**Exercise brief**
Your reply should contain the whole listing below, repeated exactly, and no images.

**Information provided**
|---|

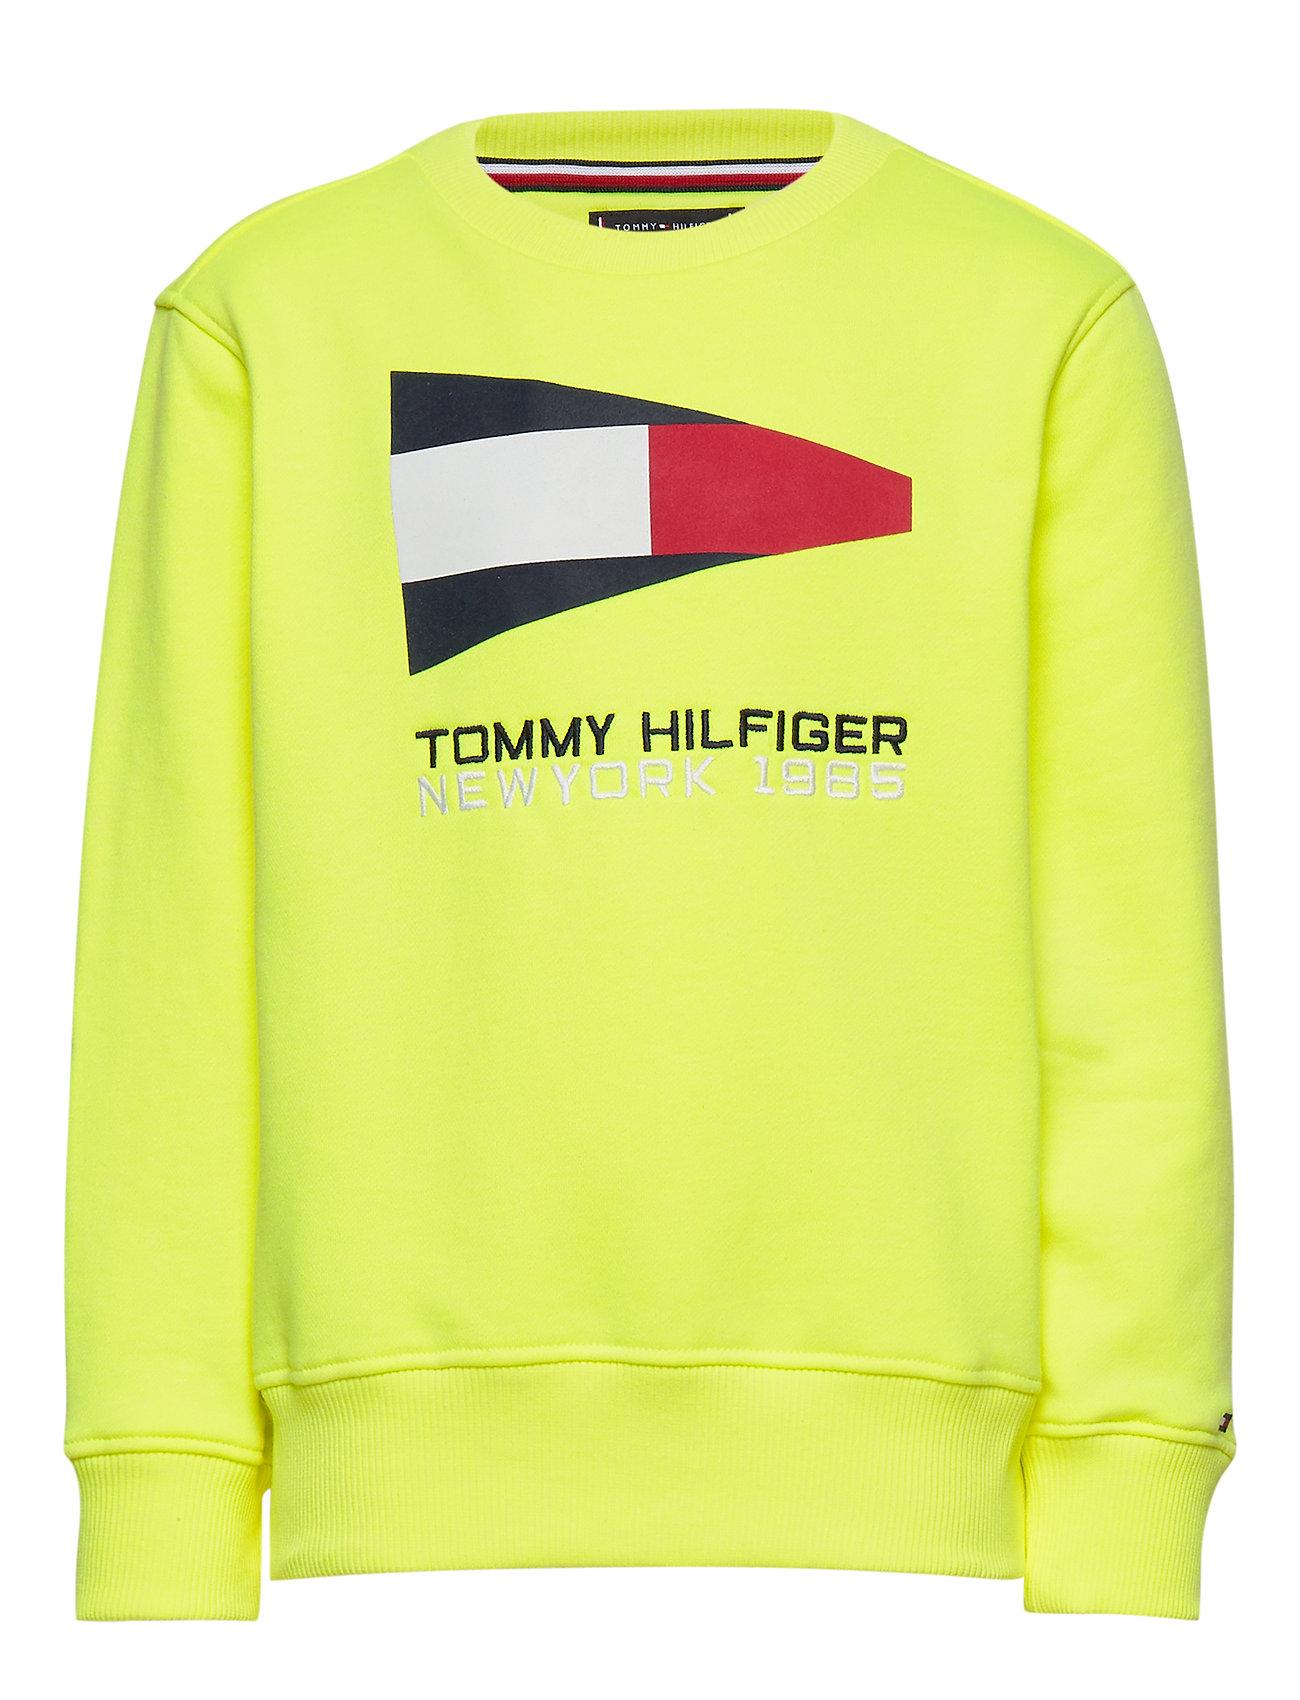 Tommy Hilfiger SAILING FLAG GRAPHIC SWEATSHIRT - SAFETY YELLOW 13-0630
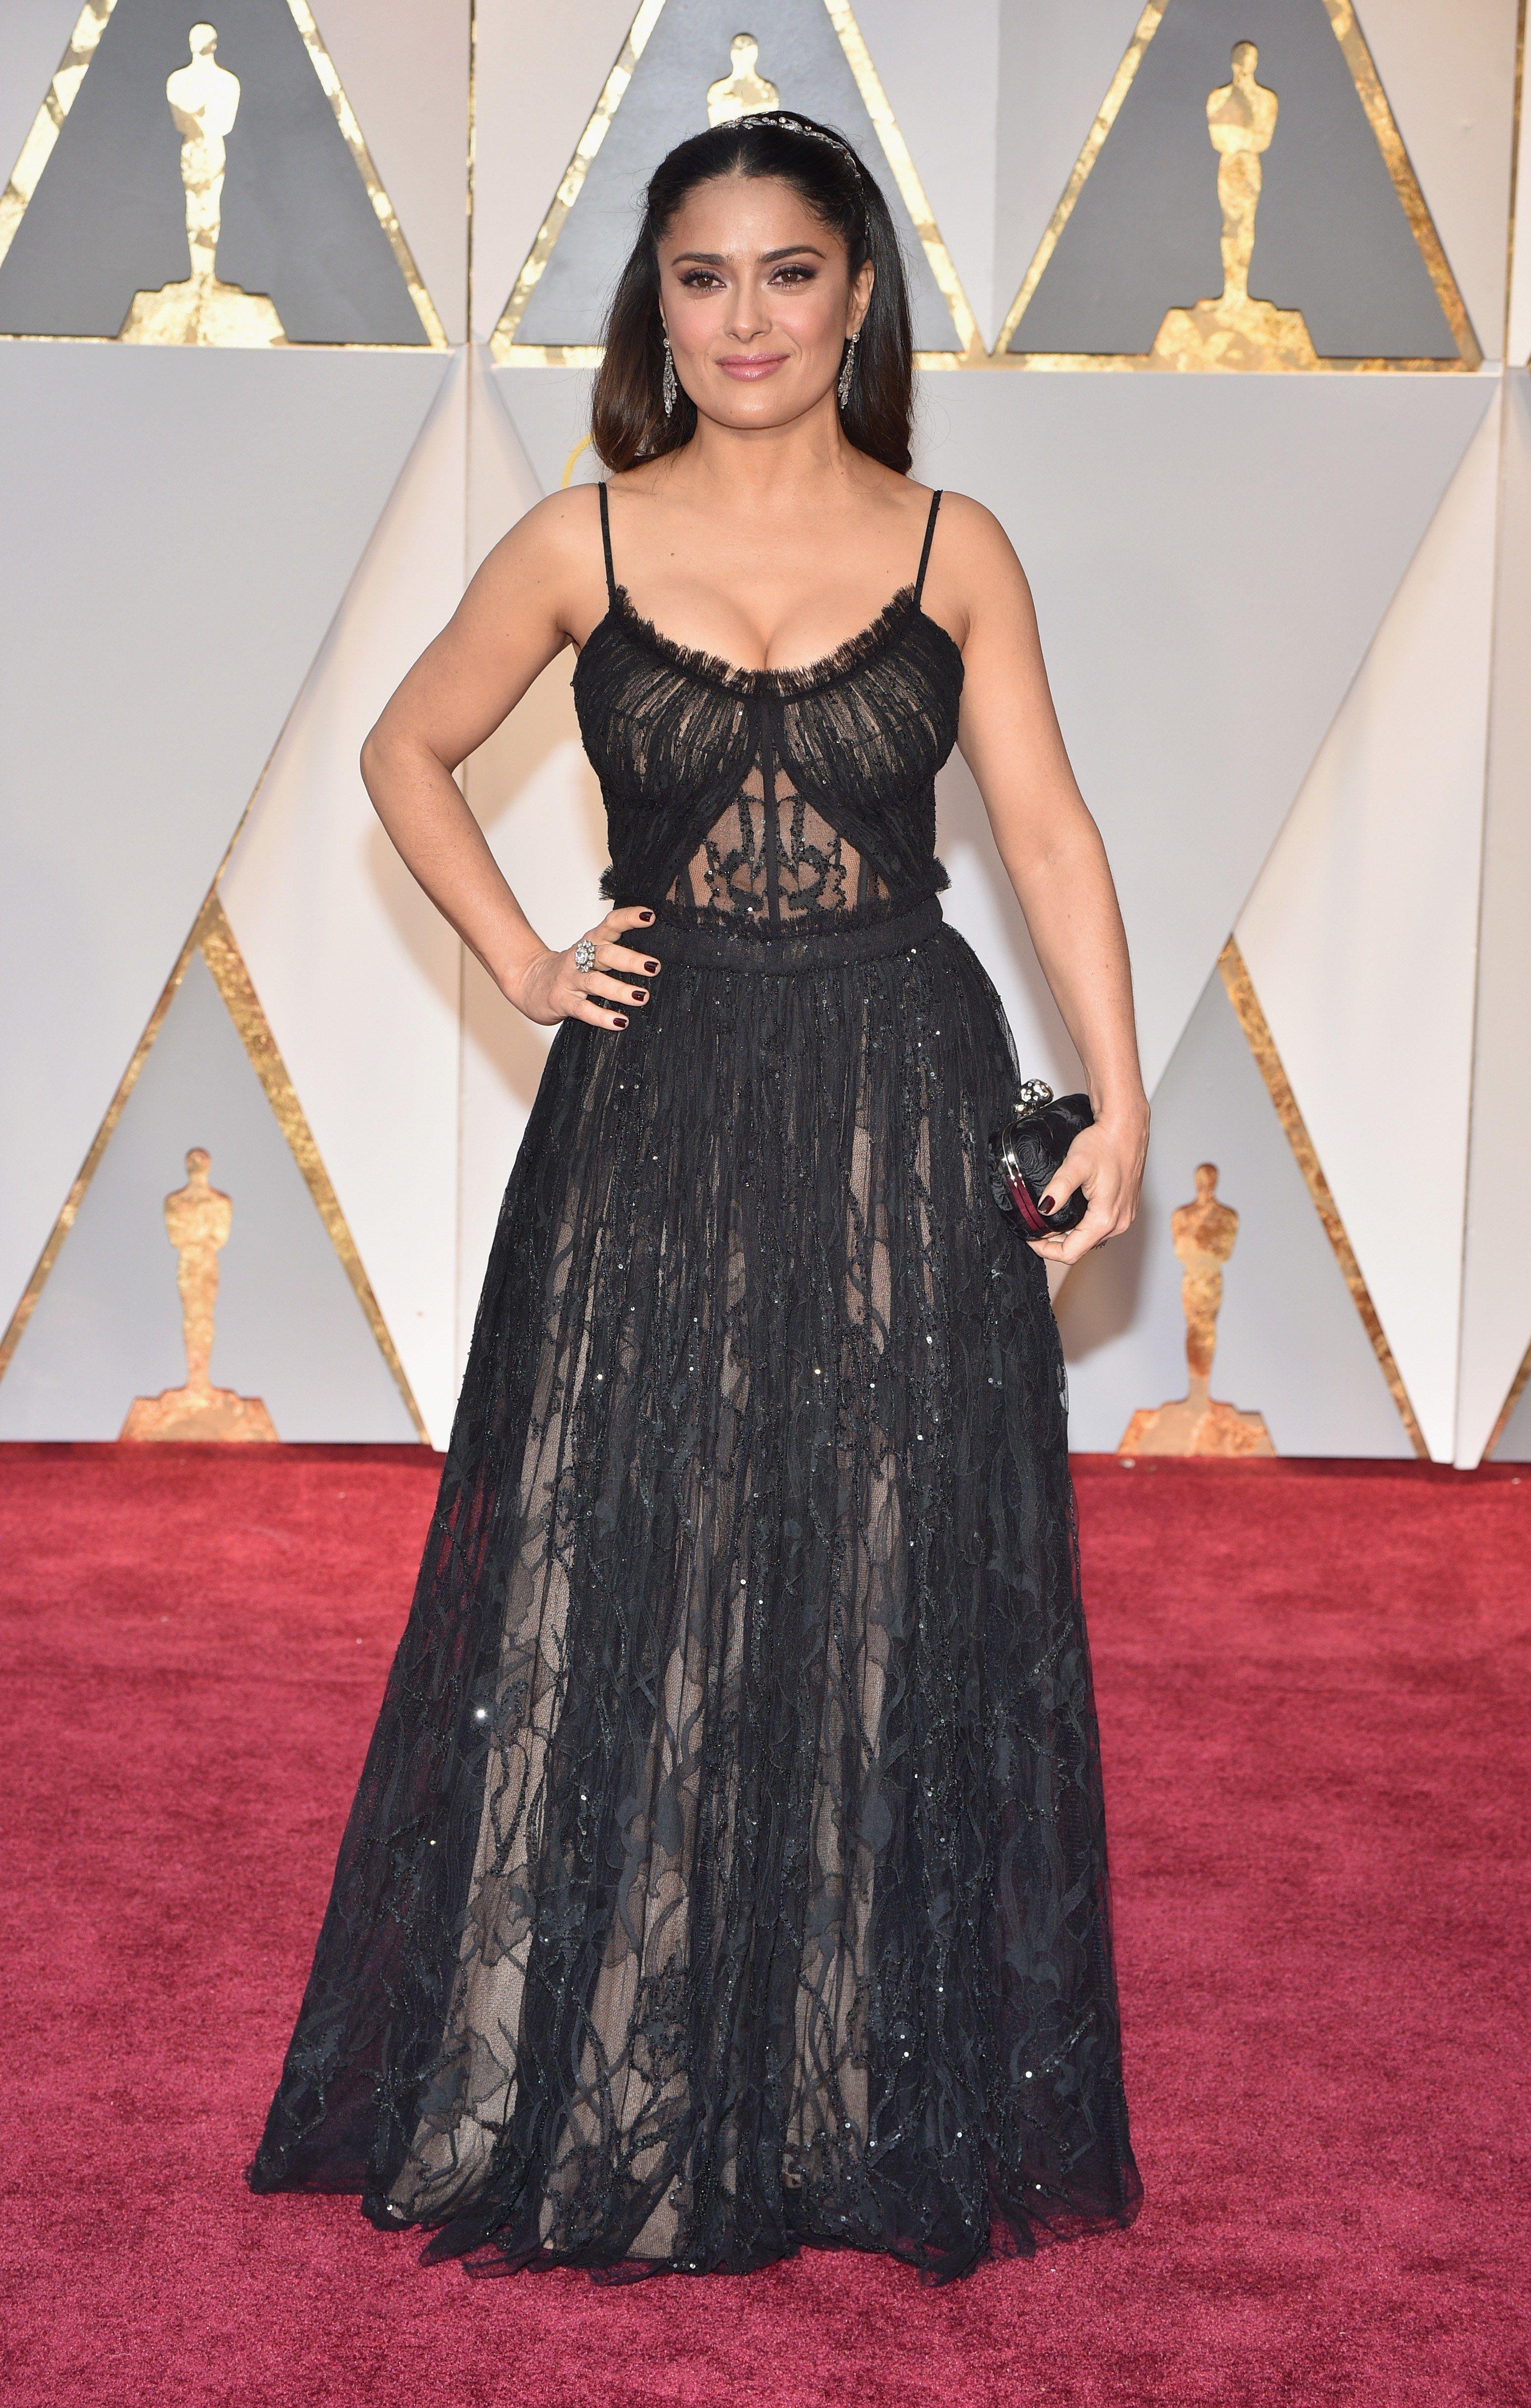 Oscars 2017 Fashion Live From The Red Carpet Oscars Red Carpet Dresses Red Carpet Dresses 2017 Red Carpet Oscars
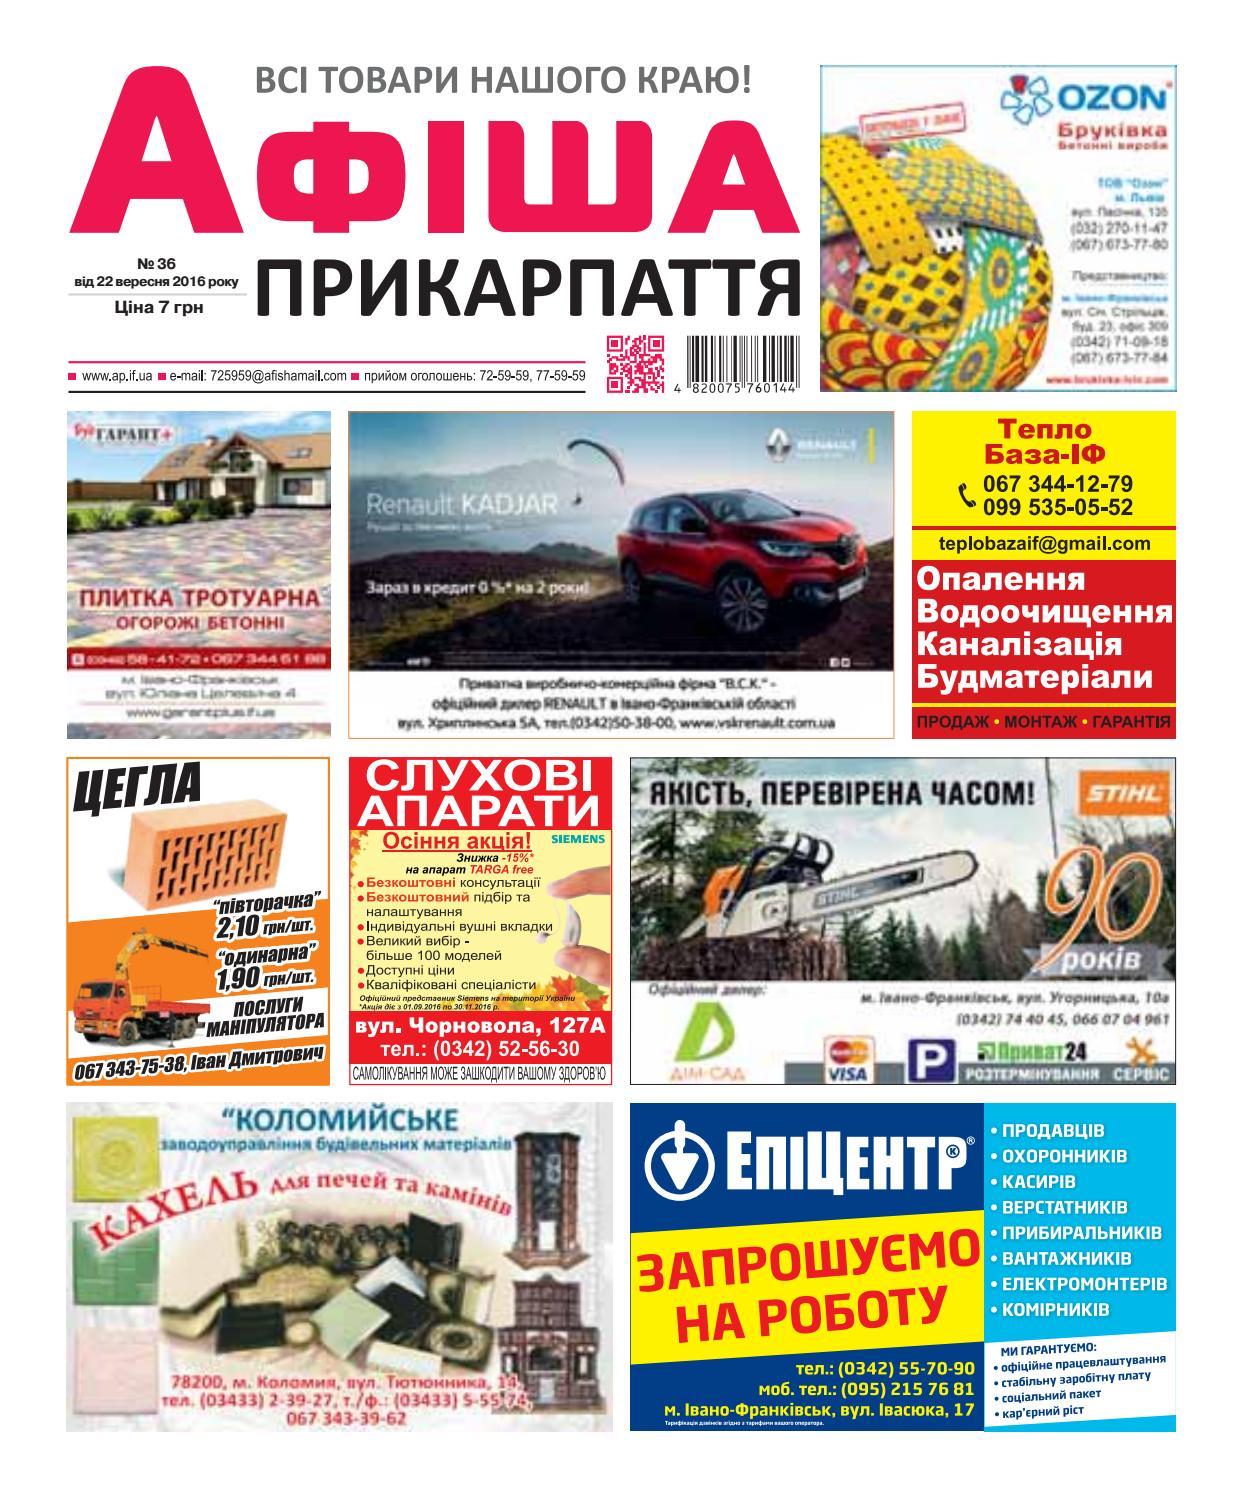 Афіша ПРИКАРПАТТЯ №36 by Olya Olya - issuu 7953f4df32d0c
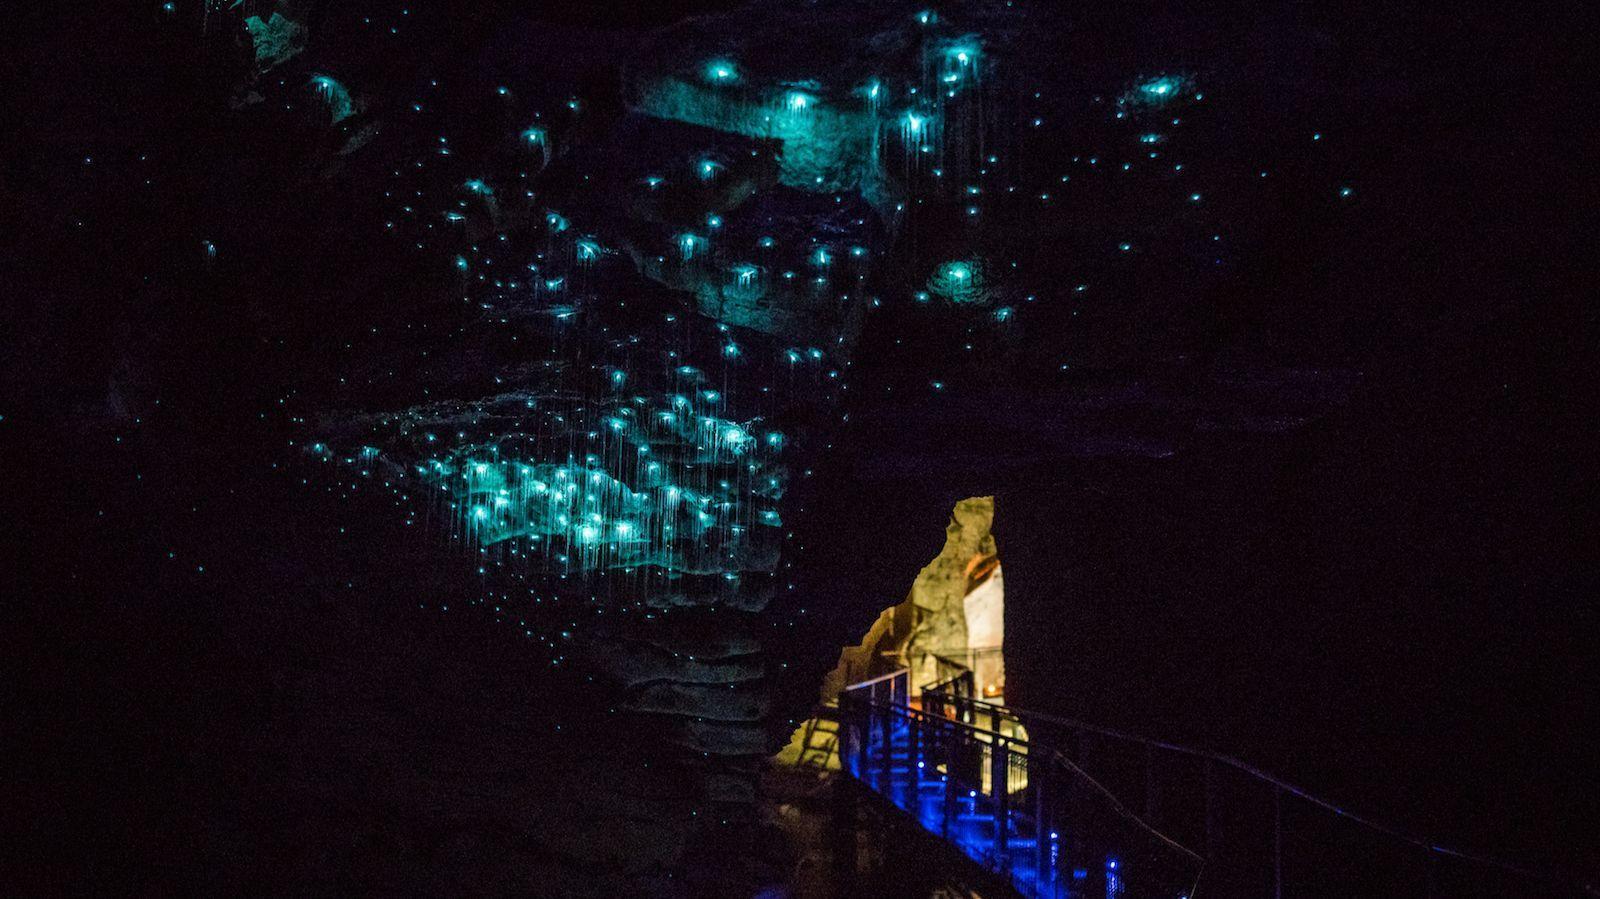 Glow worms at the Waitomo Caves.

|---|

**Completed exercise**
 Tommy Hilfiger SAILING FLAG GRAPHIC SWEATSHIRT - SAFETY YELLOW 13-0630
 Oscars 2017 Fashion Live From The Red Carpet Oscars Red Carpet Dresses Red Carpet Dresses 2017 Red Carpet Oscars
 Афіша ПРИКАРПАТТЯ №36 by Olya Olya - issuu 7953f4df32d0c
 Glow worms at the Waitomo Caves.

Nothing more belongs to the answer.